Research & Development
  The total number of FTEs employed by the Company to support its research and development efforts as of quarter end. This team includes product development and product management.
 
   
Genera & Administrative
  The total number of FTEs employed by the Company to support its general and administrative functions as of quarter end. This team includes finance, human resources, compliance, learning and development, internal audit, corporate technology, recruiting, facilities, and legal.
 
   
Total Employees
  The total number of FTEs employed by the Company as of quarter end.
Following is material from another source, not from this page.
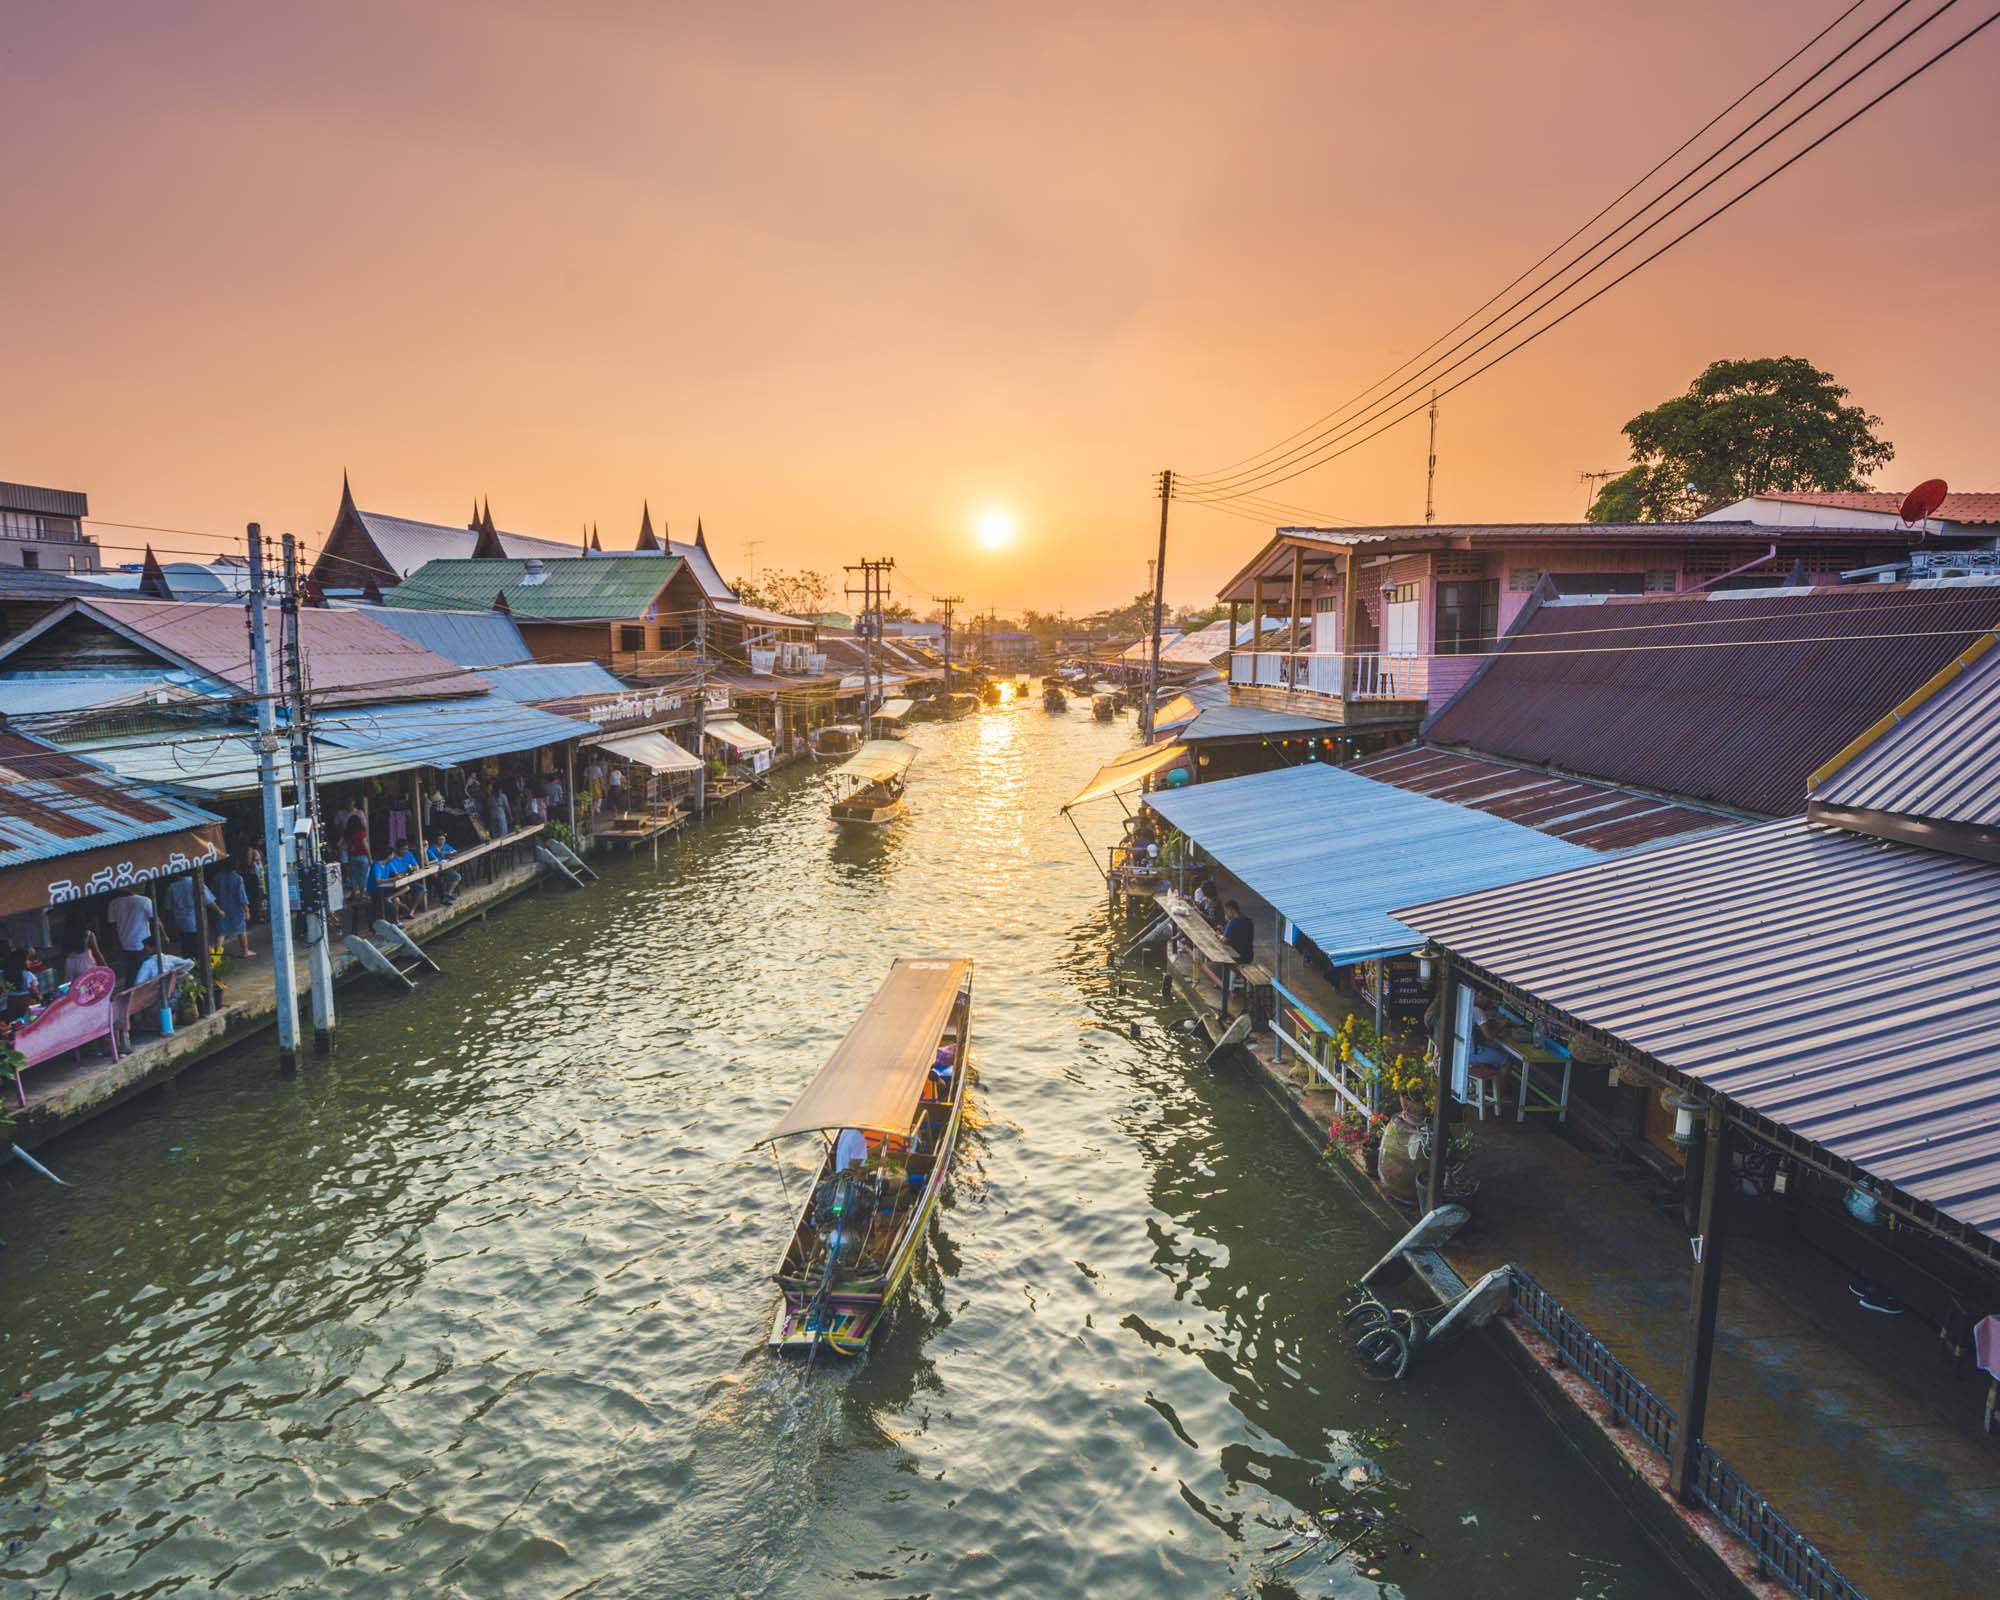 Bangkok canals allow you to make your way through the city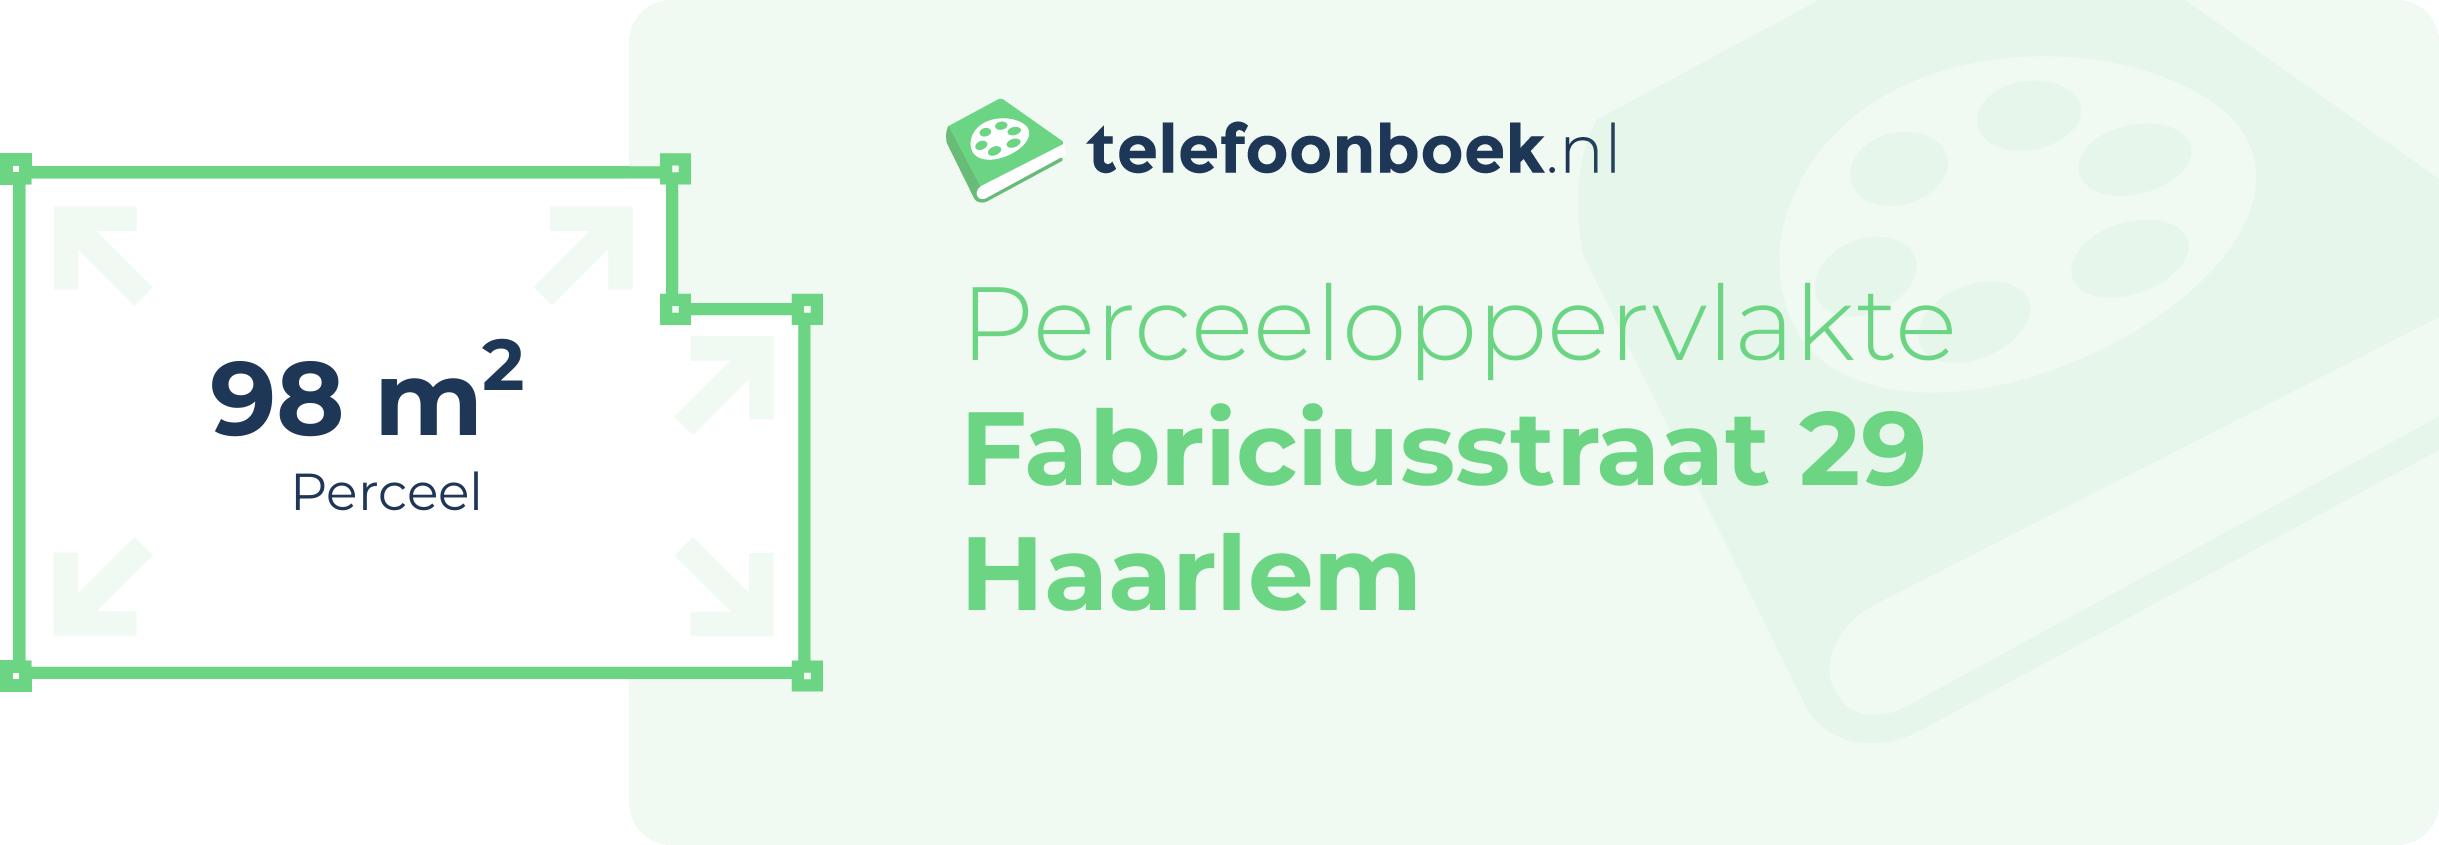 Perceeloppervlakte Fabriciusstraat 29 Haarlem

This number excludes interns and seasonal employees.
 
   
Quota-Carrying Sales Force
   
 
   
Small Practice
  Quota-carrying sales representatives assigned to bring in net new annual recurring revenue from the small practice segment (organizations with 1-3 physicians) as of quarter end.
 
   
Group Practice
  Quota-carrying sales representatives assigned to bring in net new annual recurring revenue from the group practice segment (organizations with 4-150 physicians) as of quarter end.
 
   
Enterprise Segment
  Quota-carrying sales representatives assigned to bring in net new annual recurring revenue from the enterprise market segment (organizations with 150+ physicians) as of quarter end.
 
   
Cross-Sell
  Quota-carrying sales representatives assigned to bring in net new annual recurring revenue from the sale of additional services to existing athenaCollector clients as of quarter end.
 
   
Total Quota Carrying Sales Representatives
  The total number of Sales representatives who carry quota for net new annual recurring revenue as of quarter end.